事務所通信2024年11月

事務所通信

2024年11月号『地籍調査とは?』

先日、地積調査に立ち会いました。

そこで今回は、『地籍調査とは?』について、書きたいと思います。

1.地籍調査とは?

人に戸籍があるように、土地には「地籍」があります。

「地籍」とは一筆ごとの土地に関する記録のことで、登記所(法務局)の土地登記簿に所有者、地番、地目、地積などが記録されており、その地図(公図)が備え付けられています。

地籍が登記所の登記簿や公図に記載されて初めてその土地に関する様々な権利が保護されることになります。 

現在の公図が明治時代初期に作られた地図をもとにしているものが多く、測量技術が現在のように精密でなかったことなどから、土地の境界や面積など不正確なものが少なくなく、土地の位置や境界など、先祖代々言い継がれてきたものも多く、その間にあいまいになったり間違った情報となっているものもあるようです。

地籍調査とは、土地の物理的状況について現地調査をして、その結果に基づき公図や登記簿を修正していく作業です。

2.地籍調査の効果

地籍調査は以下のようなことに役立ちます。

土地境界をめぐるトラブルの未然防止

土地取引の円滑化

災害復旧の迅速な対応

公共事業の円滑化

課税の適正化

まちづくり

3.地籍調査の流れ

地籍調査は以下のような流れで進めます。

1

住民への説明会

2

一筆地調査

3

一筆地測量

4

地籍図の作成・面積の測定/地籍簿の作成

5

成果の閲覧・ 確認

6

登記所への送付/成果の利活用

4.地籍調査でできること・できないこと

地籍調査で以下のようなことができます。

分筆(分割)

合筆(合併)

地目変更

地籍調査で以下のようなことはできません。

所有権移転登録(相続、交換、売買など)

道路(赤線)・水路(青線)

5.筆界未定地

筆界未定地とは、地籍調査の際に、境界(筆界)を確認できなかったため、筆界が決まらないまま処理されてしまった土地です。

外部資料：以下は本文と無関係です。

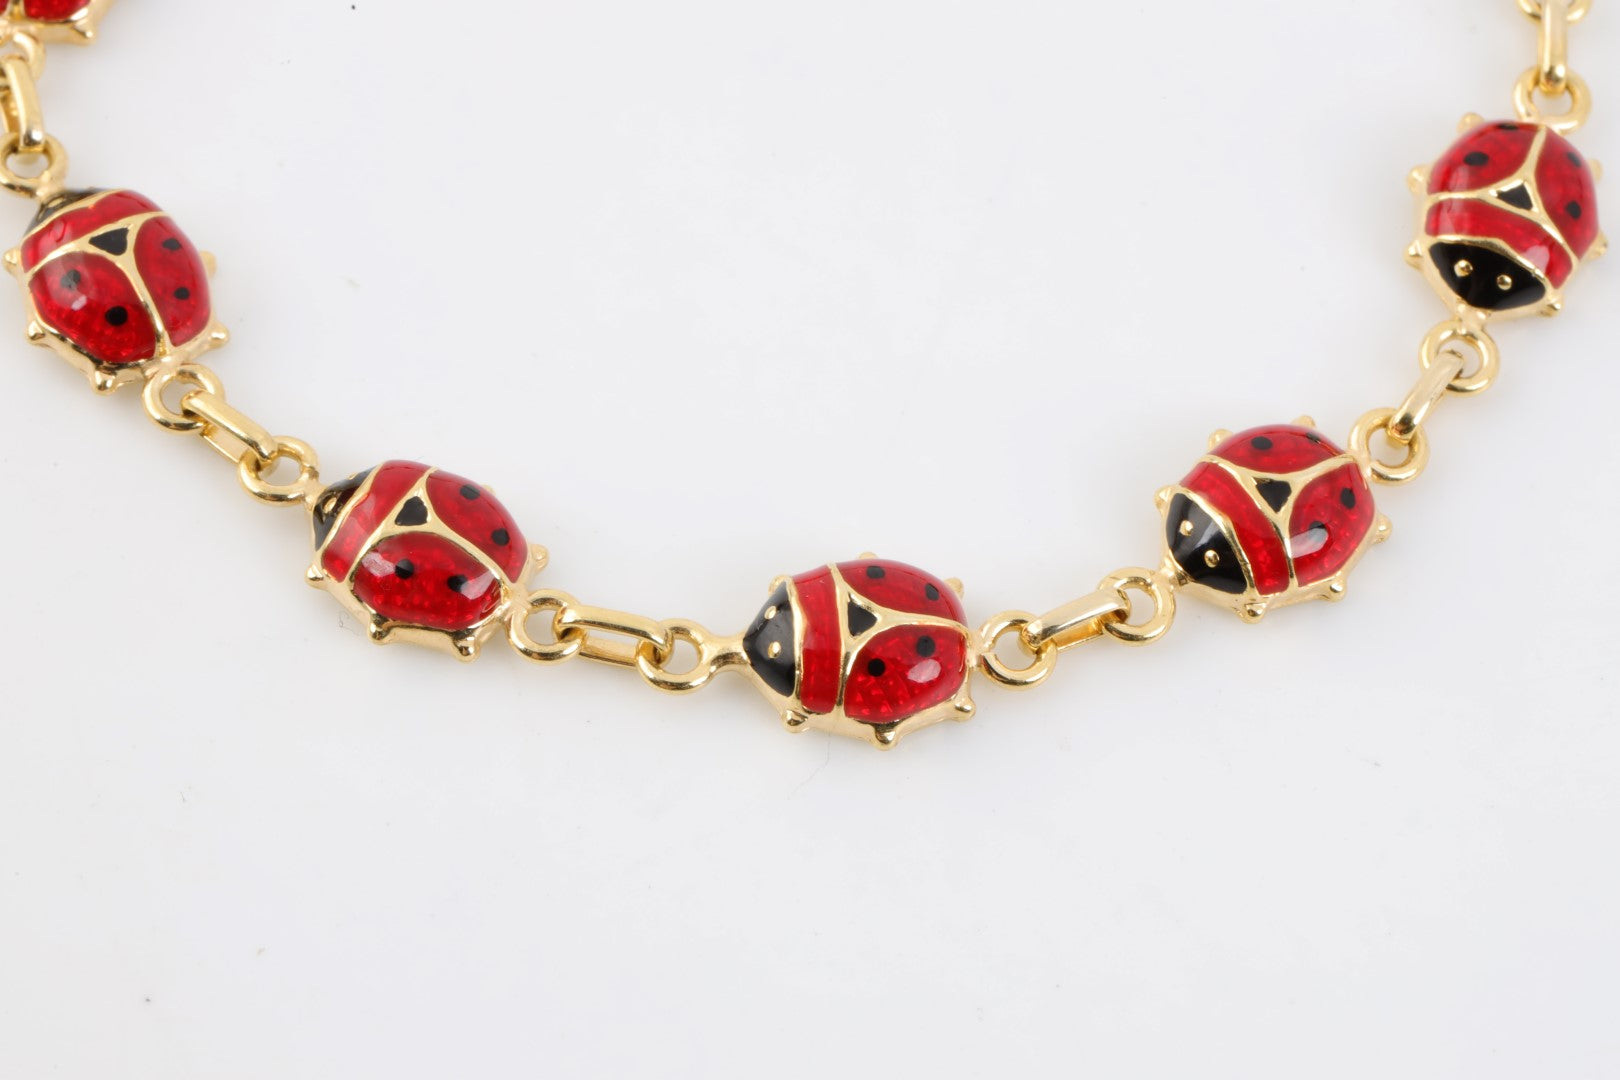 7 14k Yellow Gold Enamel Ladybug Bracelet (6.00g.) – Chorost & Co.

境界を確認できない理由としては、筆界について所有者間に紛争があったり、数筆の土地を一区画で利用されていたり、現地で調査を行った際に土地所有者に立ち合ってもらえなかった場合などがあります。

地籍調査の結果、「筆界未定地」となった土地は、所有者の権利が残りますが、原則として、分筆・合筆ができない、地積更正ができない、地目変更ができない、売買や抵当権の設定などが非常に難しくなるなど、事実上動かせない土地となってしまいます。

また、地籍調査終了後に境界が決まっても、測量や登記は土地所有者の個人負担(全額自己負担)となり、多額の費用がかかります。

6.最後に

実際に地籍調査に立ち会いましたが、上記のことを知っていて損はないと感じました。